In 2005, I published a memoir about the epidemic as I experienced it called The Broken Boy. I described my experiences in the context of my family and of Ireland in the 1950s. The title was something of a misnomer, since I felt singularly unbroken, but it did at least tell the reader that the book was about the suffering of a small child.
I am glad I researched and wrote the book when I did, because many of the best-informed witnesses died soon after its publication. Much of the text made gloomy reading, but it ended on an upbeat note. At the end of the final chapter, I had written dismissively of the last prophetic line in Albert Camus’s novel The Plague, in which he wrote that “perhaps the day would come when, for the bane and the enlightening of men, it would rouse up its rats again and send them forth to die in a happy city.” I found this a bit portentous and out-of-date, writing that polio might have been among the last of the life-threatening plagues, such as leprosy, cholera, tuberculosis, typhus, measles, malaria, and yellow fever, to be eliminated or brought under control during the 20th century. That turned out to be overoptimistic.
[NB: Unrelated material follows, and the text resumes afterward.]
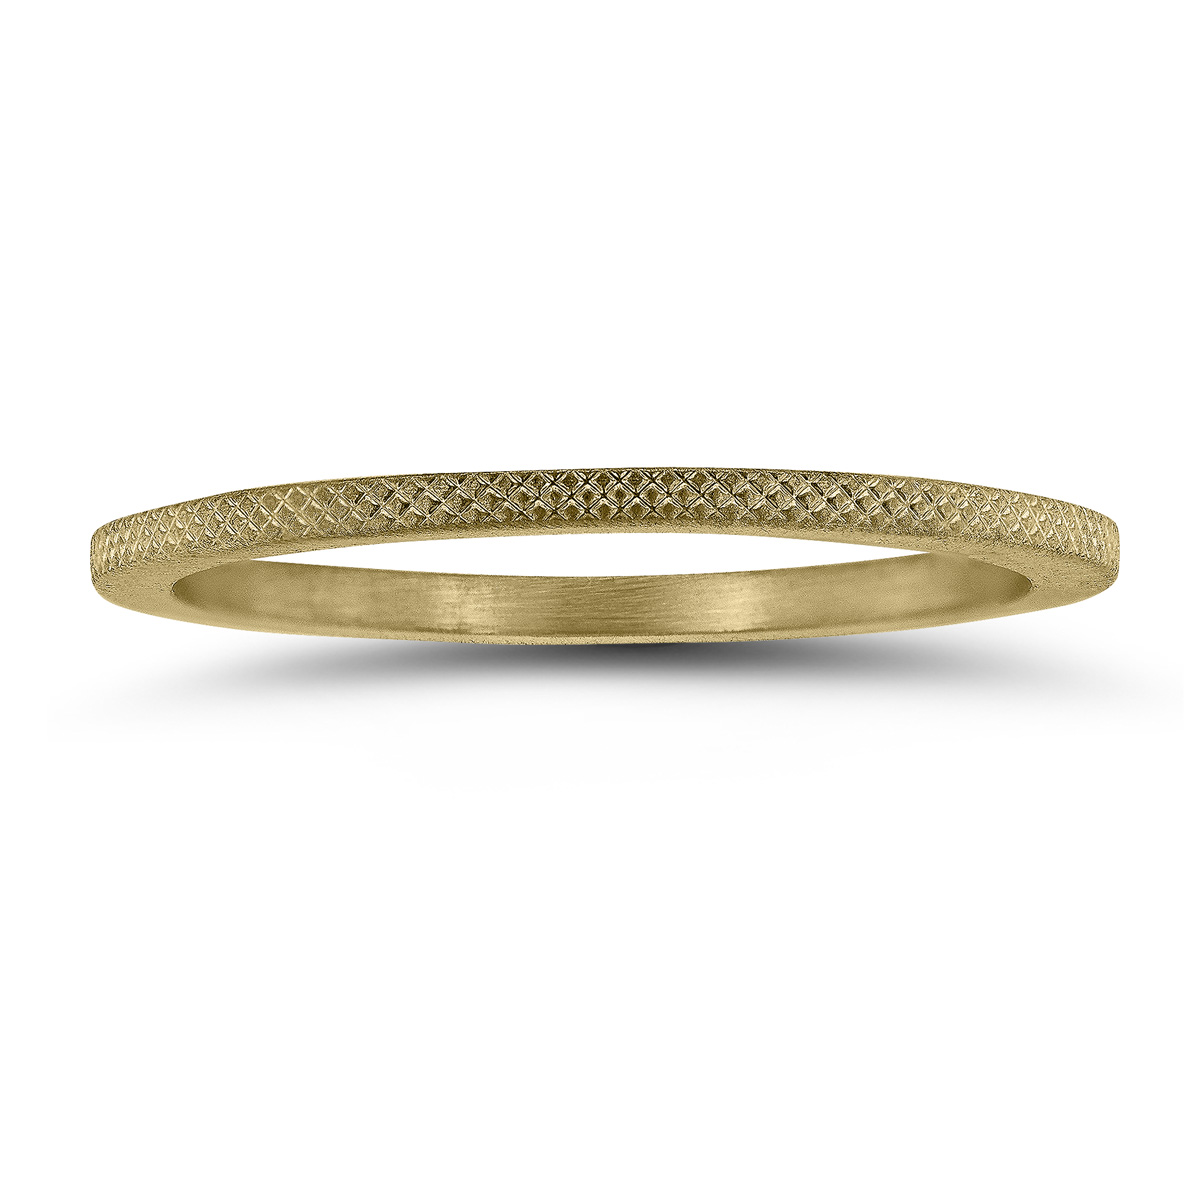 1MM Thin Wedding Band with Cross Hatch Center in 14K Yellow Gold

Polio epidemics had a surprisingly short career: less than 70 years between the end of natural immunity and the widespread use of the Salk vaccine. It was a story with a seemingly happy ending—and this was the topic of my original book. Few people realized—certainly I didn’t—that if polio epidemics were a product of modernity and not of backwardness, then the way might be open for other epidemics of equal or greater severity to appear.
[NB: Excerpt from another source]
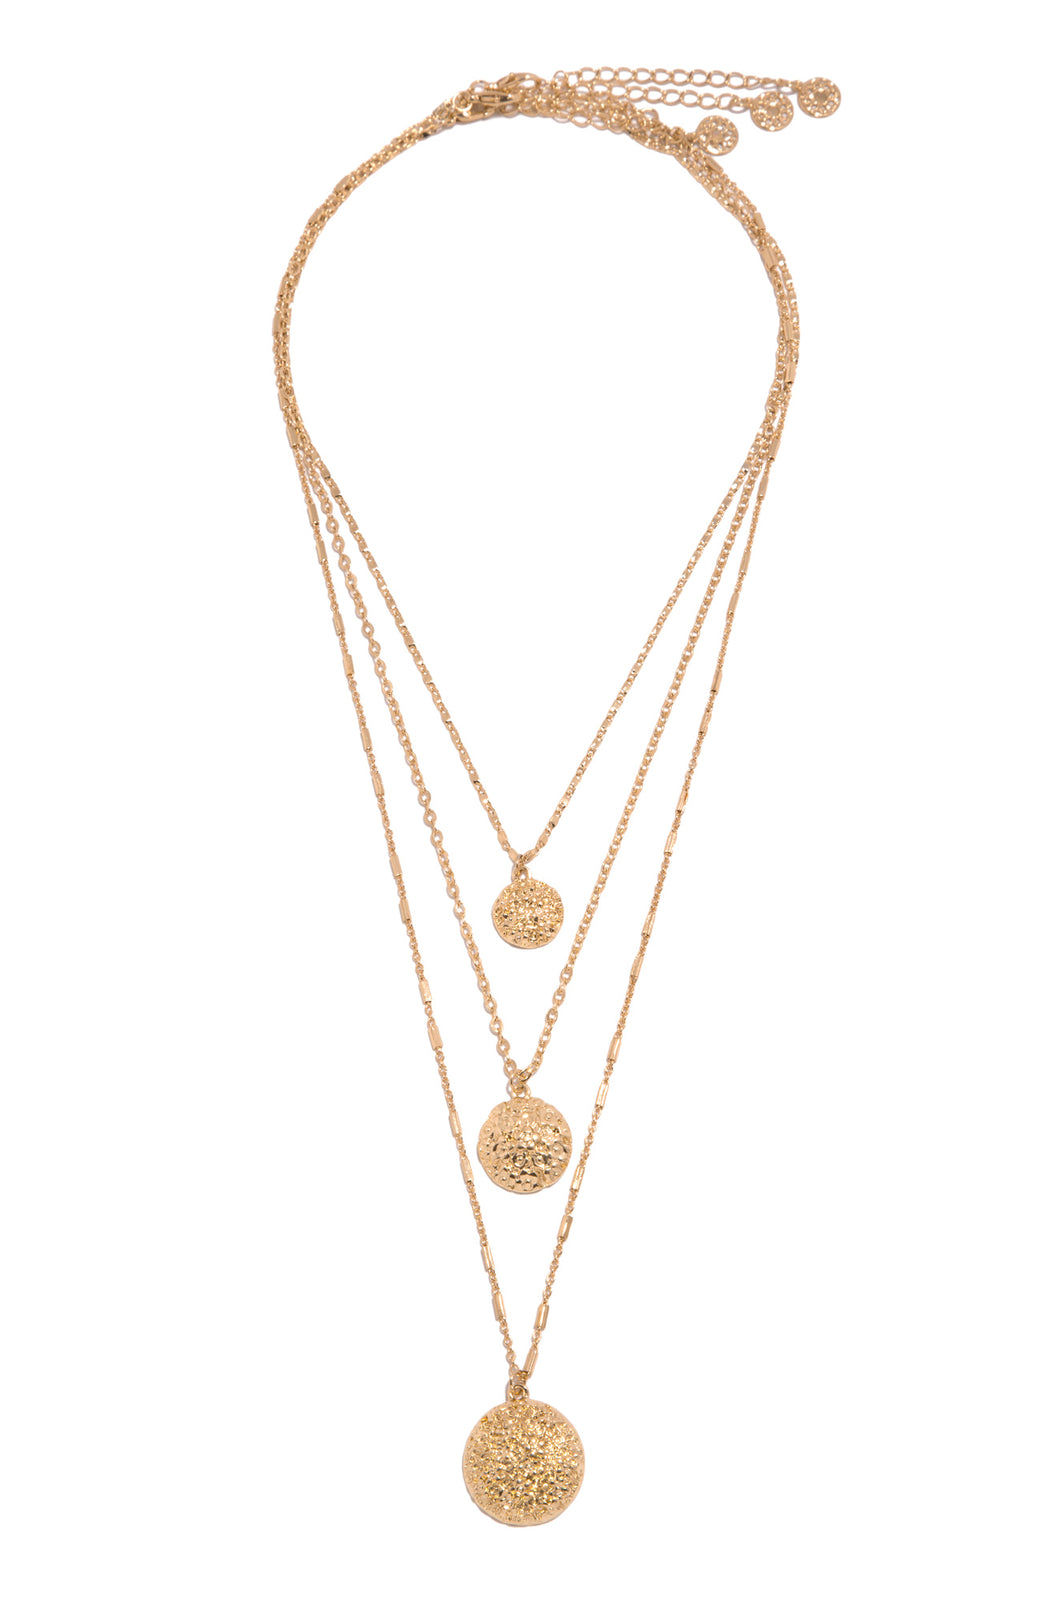 Three Piece Layered Gold-Tone Necklace

I was surprised but not very alarmed when Covid-19 was identified in Wuhan at the end of 2019, because previous coronavirus outbreaks, such as SARS 1 and MERS, had not spread far and had been suppressed. As more information about the virus emerged in the early months of 2020, it struck me that in some respects the pandemic more resembled a polio epidemic on a world scale than the 1918-19 Spanish flu outbreak to which it was often compared. Covid-19 and poliomyelitis (to give it its full name) are alike in being highly infectious—and because most of those infected have few if any symptoms and swiftly recover. But they become carriers all the same, infecting others, some of whom may belong to the unlucky 1 or 2 percent—there is great dispute about the fatality rate among victims of Covid-19—who will feel the virus’s full destructive impact.